> _DATA SEGMENT_
-.-.-

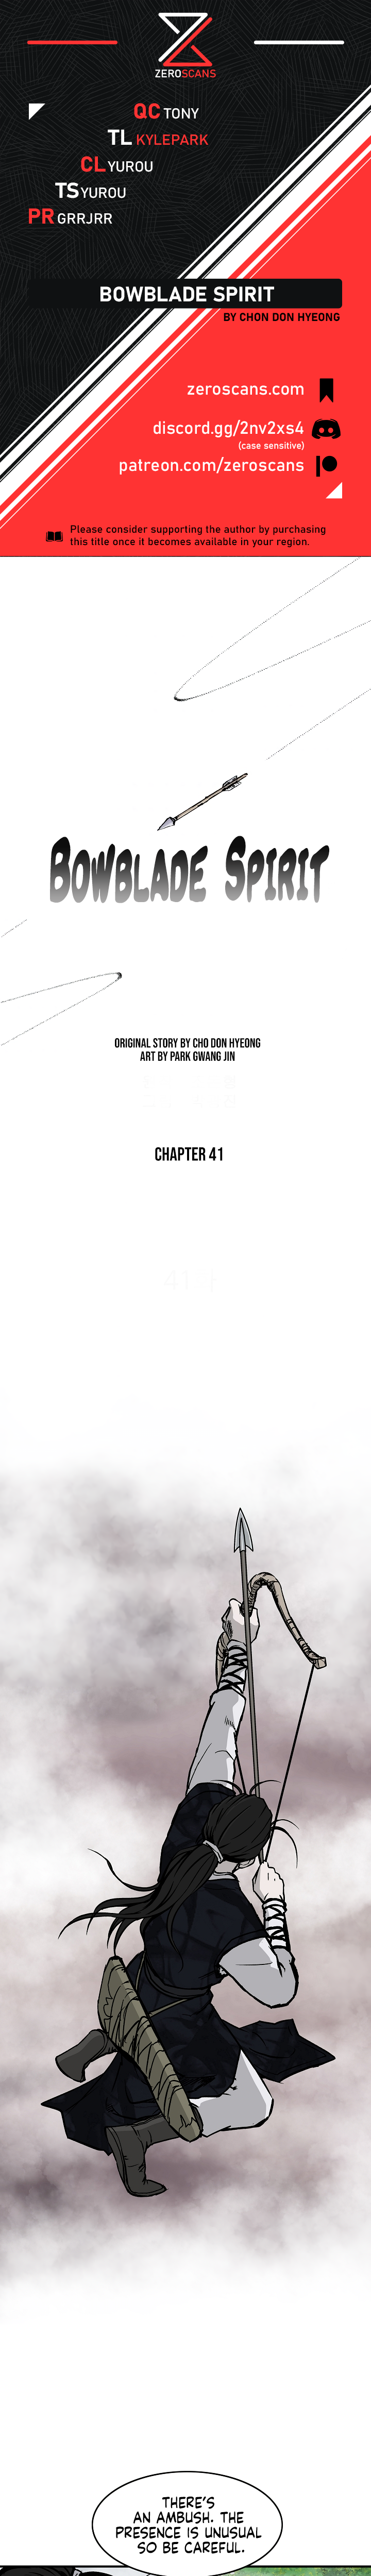 Bowblade Spirit - Chapter 3729 - Image 1
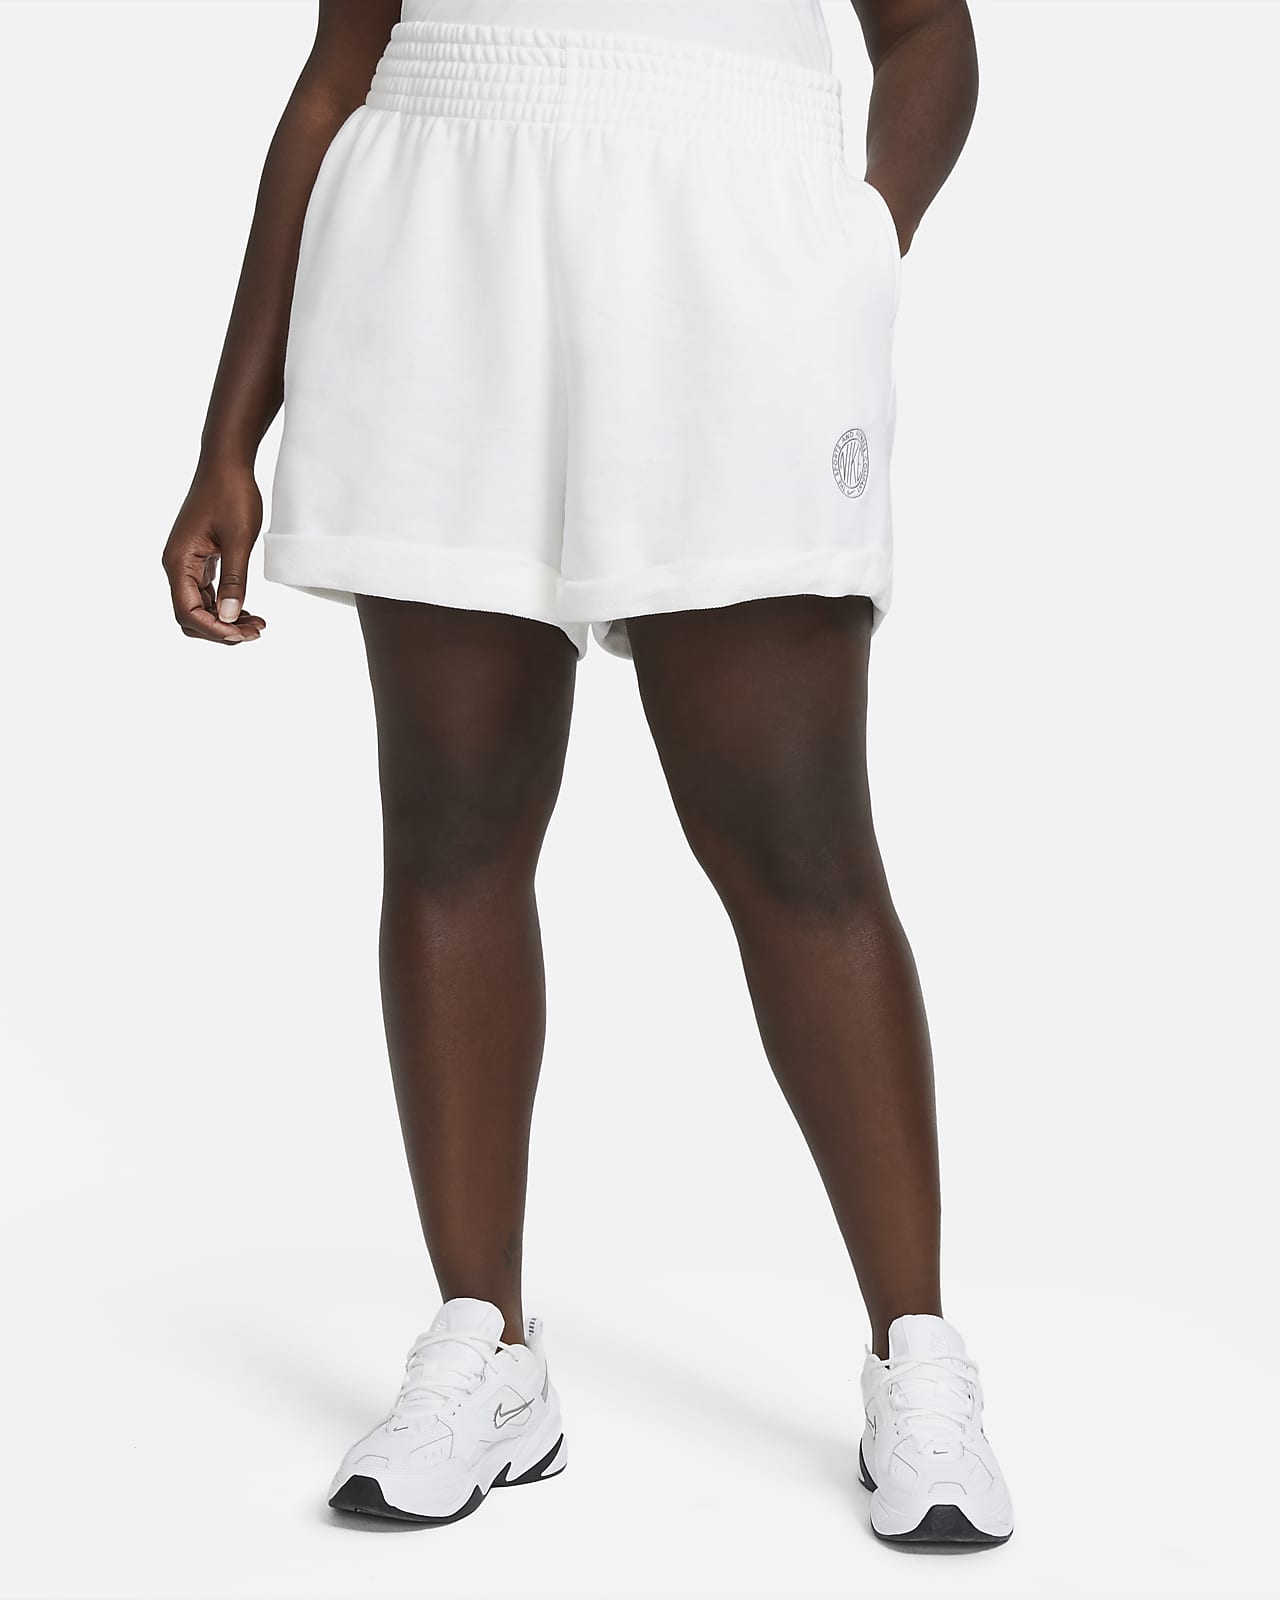 Nike Sportswear Femme Women's Shorts 
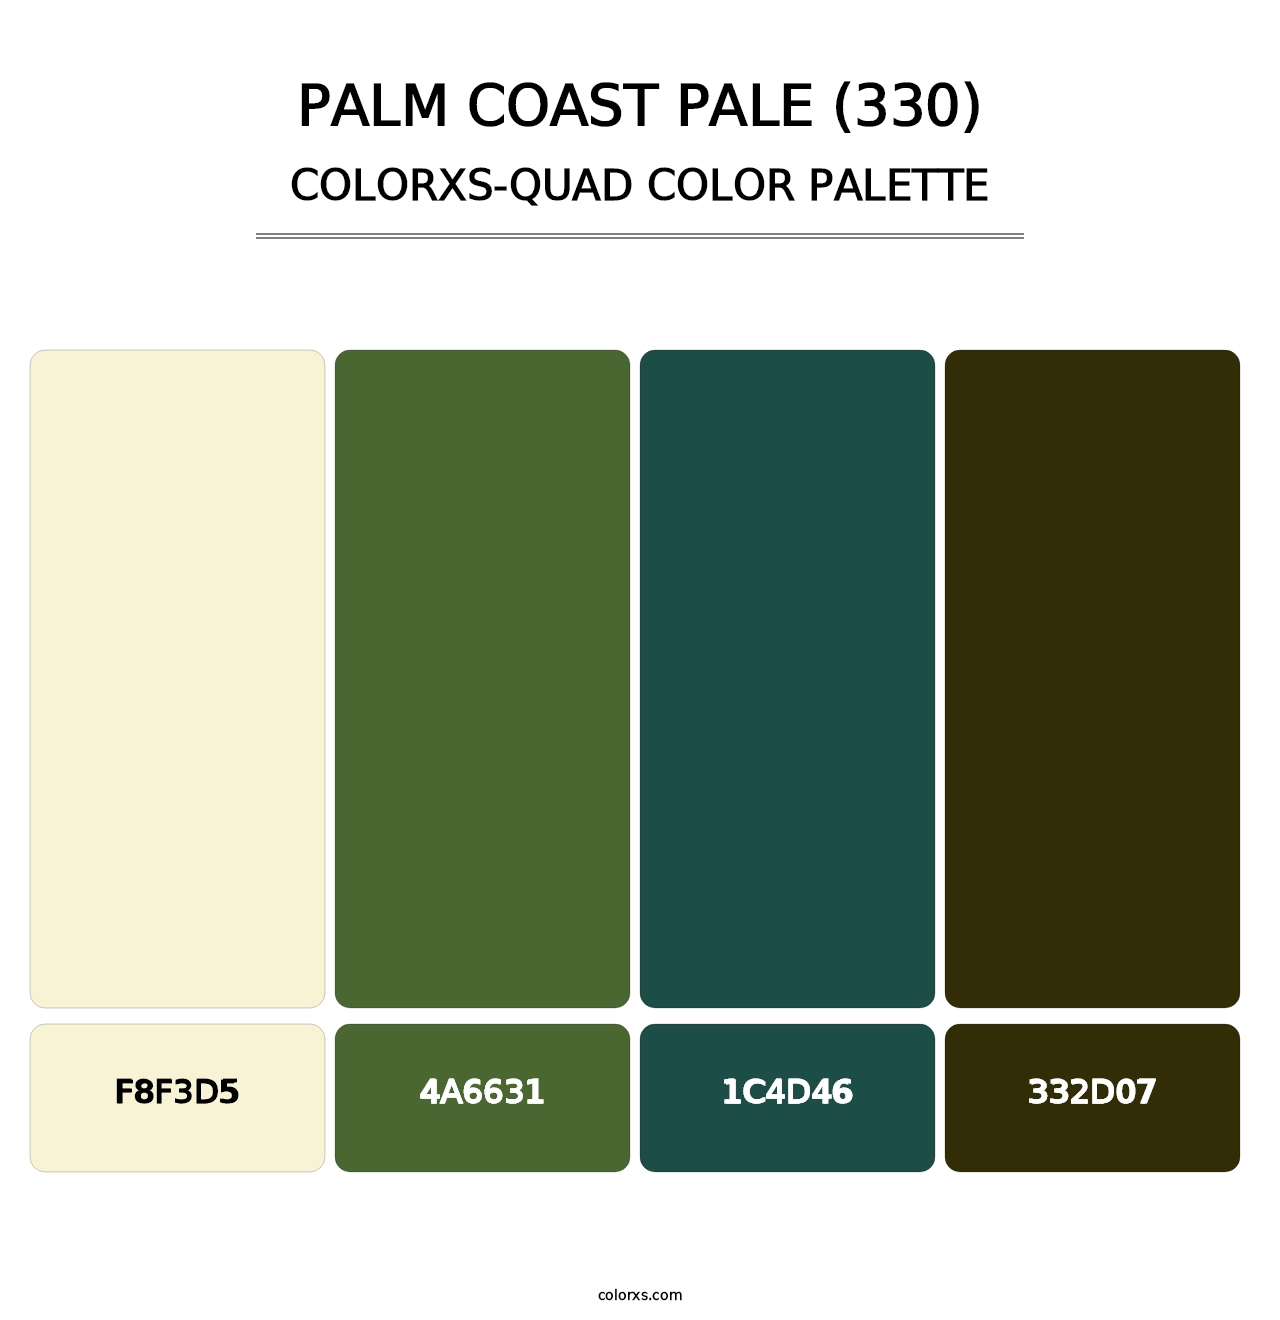 Palm Coast Pale (330) - Colorxs Quad Palette

-.-.-

> _WHAT TO WORK ON_
The material is to be written out word for word, and the pictures are to be left out.

> _SOLVED EXERCISE_
 Bowblade Spirit - Chapter 3729 - Image 1
 Nike Sportswear Femme Women's Shorts 
 Palm Coast Pale (330) - Colorxs Quad Palette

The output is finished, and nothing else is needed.